Enabling Autonomous Decision-Making in Manufacturing Systems through Preference Fusion 05-13-02-0008
This also appears in
SAE International Journal of Materials and Manufacturing-V129-5EJ
Decision analysis (DA), a well-established discipline in business and engineering, is entering another domain of application due to the advent of Industry 4.0. DA enables optimal decisions by finding system parameters that maximize the utility, or in the presence of uncertainty the expected utility, from the attributes of a system. Whether there is a single decision maker or all decision makers have uniform preferences, determining risk behavior and the resulting utility is well developed in the existing literature.

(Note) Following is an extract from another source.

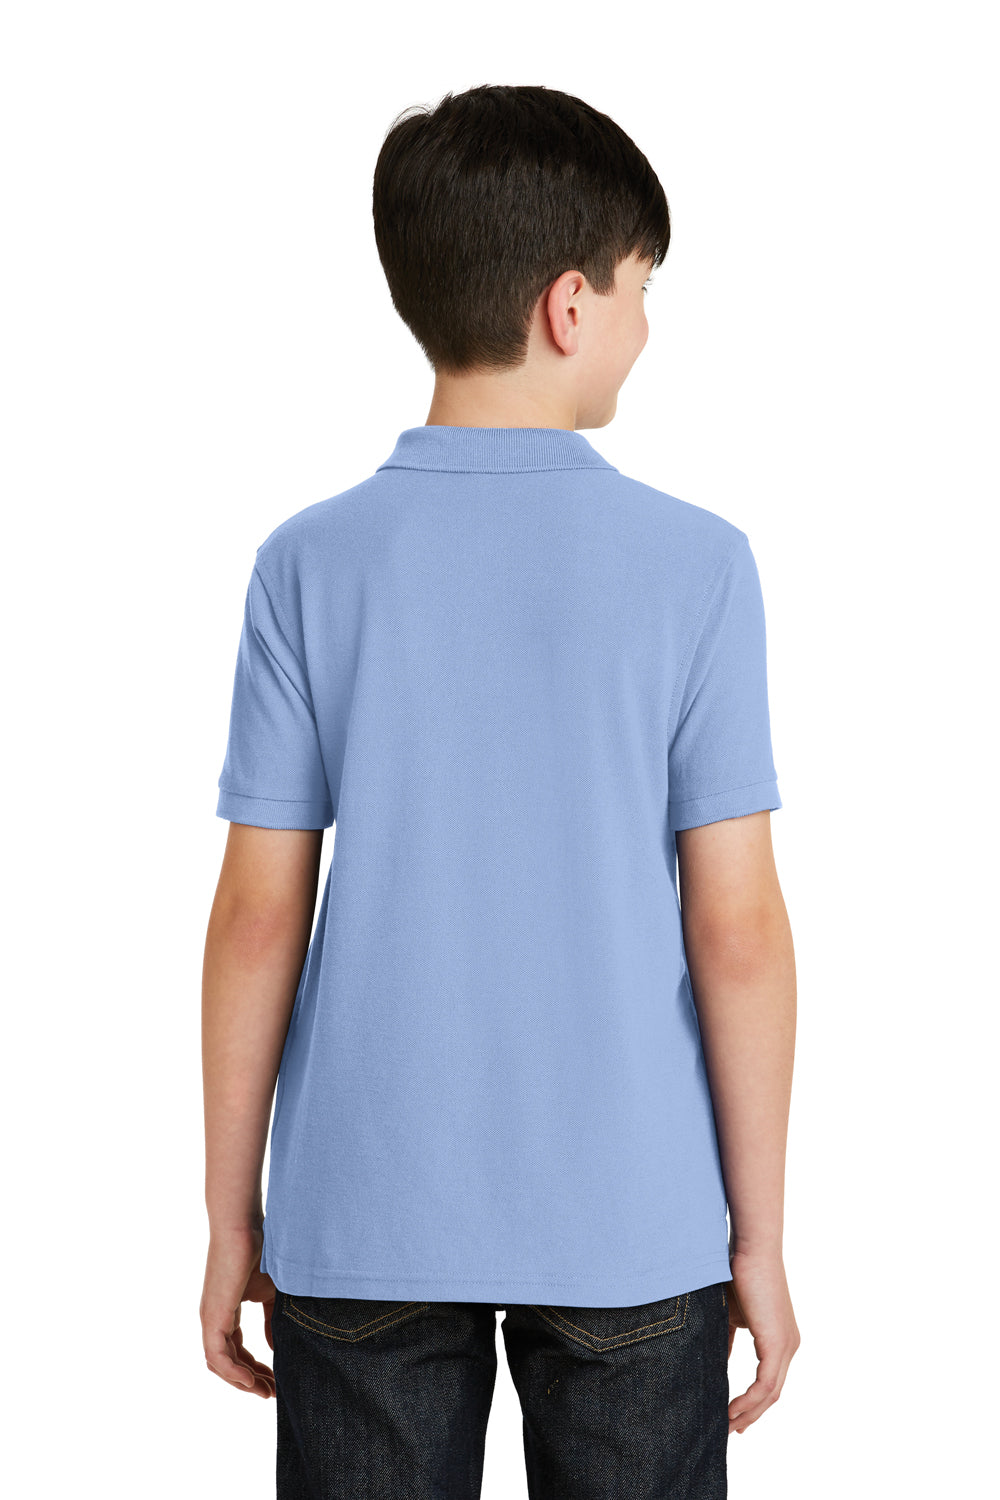 Port Authority Y500 Youth Silk Touch Wrinkle Resistant Short Sleeve Polo Shirt Light Blue Back
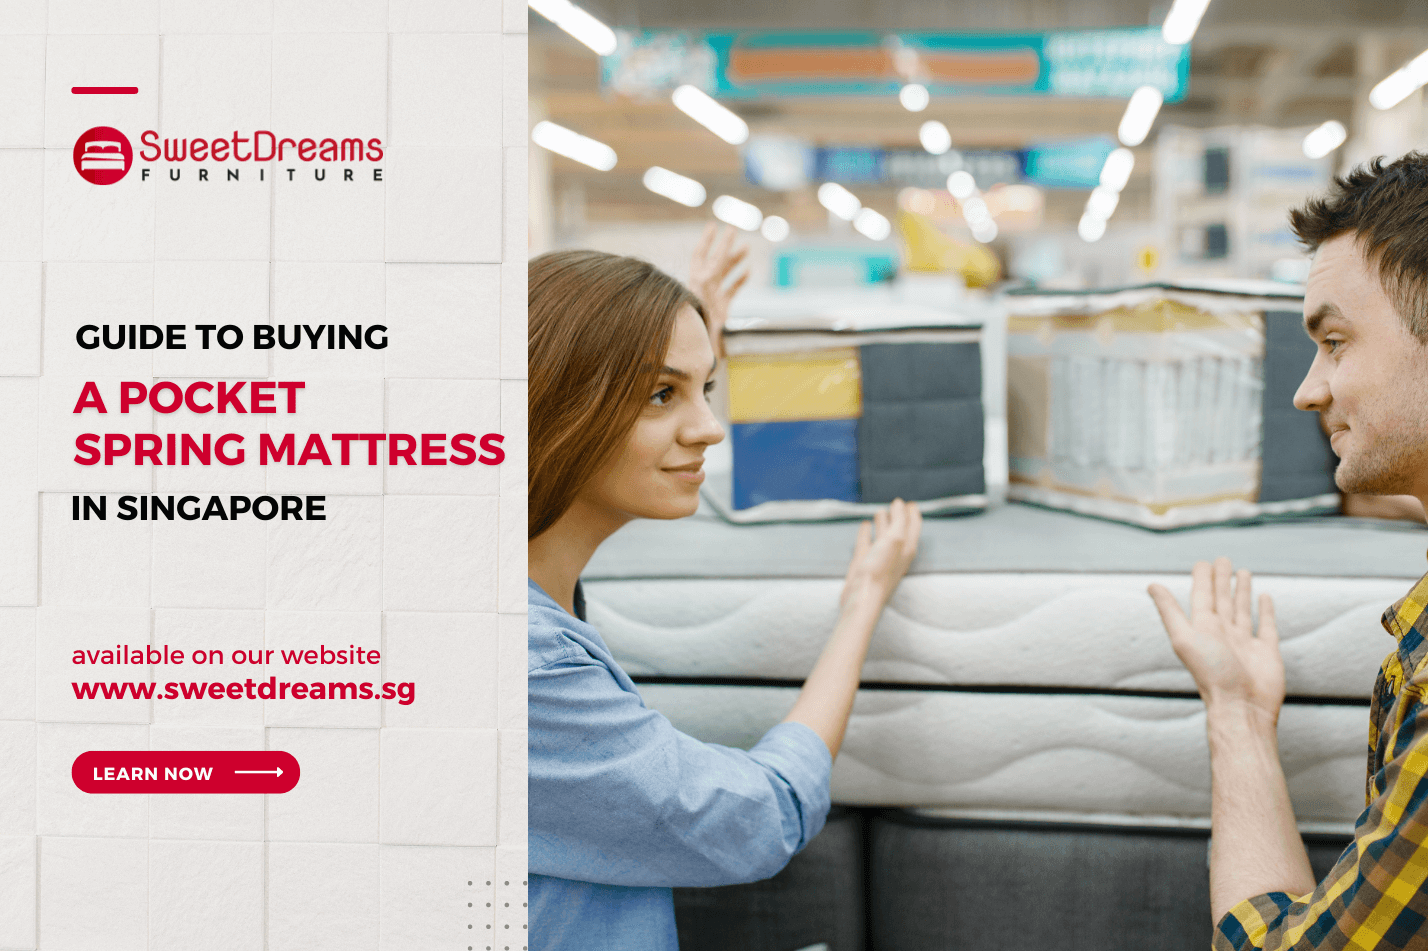 Guide to Buying a Pocket Spring Mattress in Singapore

However, variability in preferences has not been satisfactorily addressed. This gap gains added significance in the face of the demands of Industry 4.0 where cyberphysical production systems must drive autonomous decision-making on the factory floor. The decisions must accommodate a distribution of customer and designer preferences, including production auditors within the organization. This article provides a novel framework and develops a closed-form approximation for expected utility in the presence of uncertainty in both attributes and preference behaviors. The value of this approach is demonstrated in the assembly of parts in a cyberphysical production system of an automotive manufacturing plant. The comparison of corrective assembly using the proposed method with existing random assembly approaches shows significant improvements.